Подняла к нему круглое, обильно смоченное слезами лицо и, всхлипывая, бормотала:

– Я ни в чём не виновата, я только боюсь, не случилось бы чего, миленький, уехать вам надобно…

Взволнованный, растерявшийся Кожемякин шептал:

– Я – уеду, – я для вас вполне готов!

Его испуг и недоумение быстро исчезали, сменяясь радостью, почти торжеством, он гладил голову её, касался пальцами мокрых щёк и говорил всё бодрее и веселее:

– Ничего!

И, обняв её, неожиданно для себя сказал:

– Едемте вместе! Разве он вам пара?

Но она выплыла из его объятий и, отстраняя его, твёрдо ответила:

– Ой, что вы! Нельзя…

– Почему? – крикнул он, разгораясь. – Уедем, и – никто не найдёт!

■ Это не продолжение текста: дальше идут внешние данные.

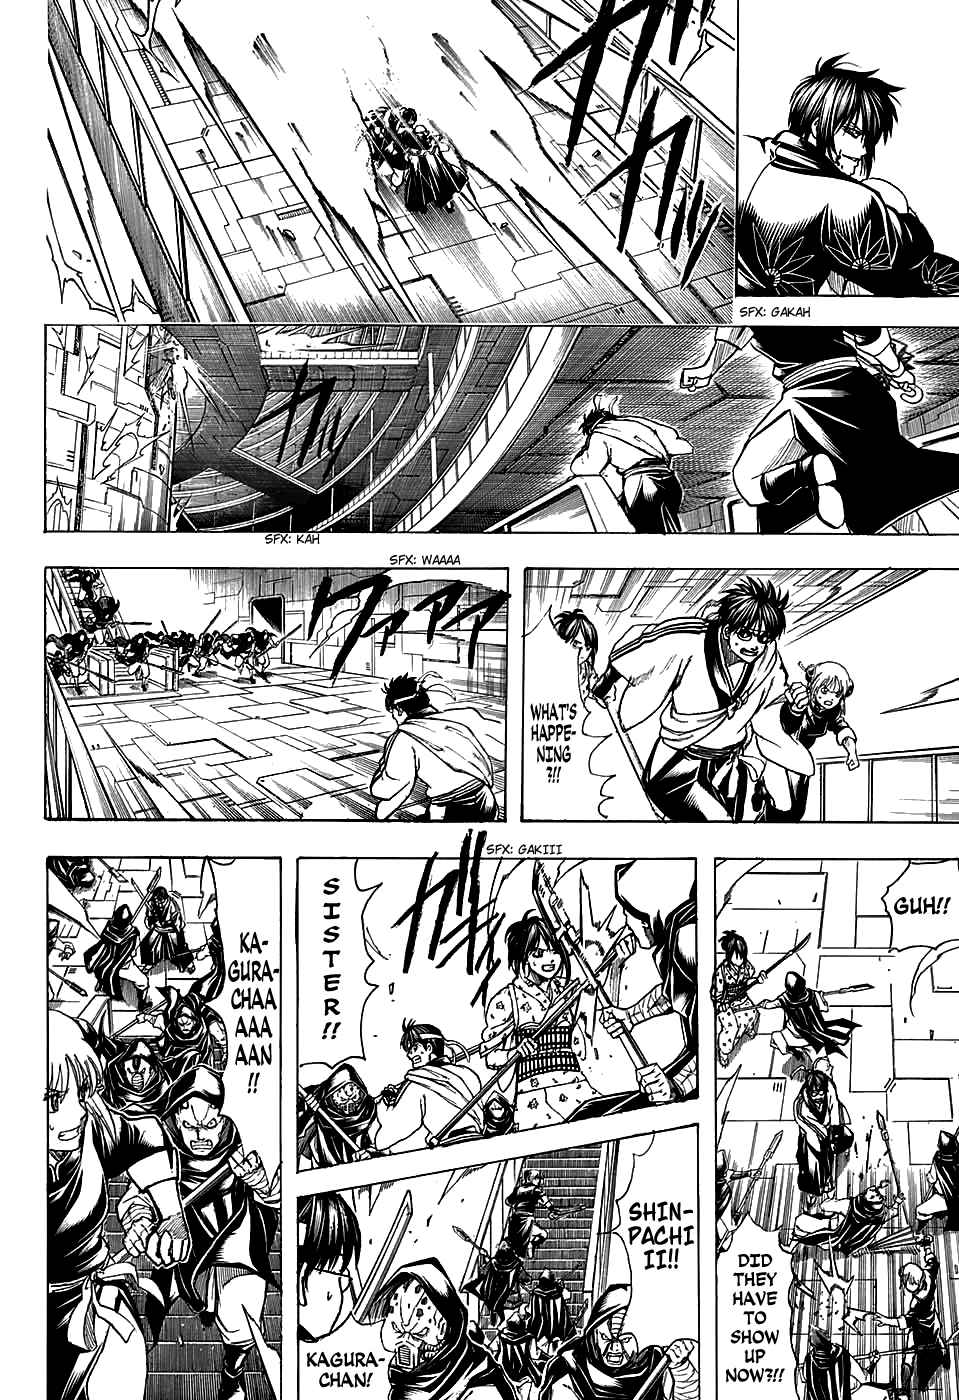 Gintama Vol. 77 Ch. 700 Steel Heart

– Нет, нет! – говорила она, вздыхая.

– Я ведь – не просто, я женюсь…

Она опустила голову, пальцы её быстро мяли мокрый платок, и тело нерешительно покачивалось из стороны в сторону, точно она хотела идти и не могла оторвать ног, а он, не слушая её слов, пытаясь обнять, говорил в чаду возбуждения:

– В ночь бы и уехали, бог с ними, а? Все друг с другом спорят, всех судят, а никакого сообщества нет, а мы бы жили тихо, – едем, Дуня, буду любить, ей-богу! Я не мальчишка, один весь тут, всё твоё…

И хватал её за плечи, уверенный в победе, а она вдруг отодвинулась к двери, просто и ясно сказав:

– Нет, нельзя, теперь я уж чужая, поганая для вас…

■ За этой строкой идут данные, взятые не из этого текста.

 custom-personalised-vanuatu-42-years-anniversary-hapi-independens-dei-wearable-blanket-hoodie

Утром он сам догадался, что это так, и тогда даже зависти к Максиму не почувствовал, а в эту минуту её слова точно обожгли ему лицо, – он отшатнулся и, захлебнувшись злой обидою, крикнул:

– Успела? Эх, мякоть!

Вытянув к ней руку с крепко сжатым кулаком, грозясь и брызгая слюною, искал оскорбительных слов, шипя и вздрагивая, но вдруг услыхал её внятные слова:

– Сломал он меня! Кабы раньше вы… Прощайте, дай вам бог!..

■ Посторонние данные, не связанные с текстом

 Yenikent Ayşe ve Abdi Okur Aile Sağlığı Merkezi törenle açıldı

Вспыхнула новая надежда и осветила, словно очистив женщину огнём, он бросился к ней, схватил за руку, заглянул в глаза.

– Насильно он, а? Дуня, если – насильно, – ничего! Ты – не девица, вдова…

– Нет, нет! – испуганно крикнула женщина и выросла, стала выше, вырвала руку, схватилась за скобу двери.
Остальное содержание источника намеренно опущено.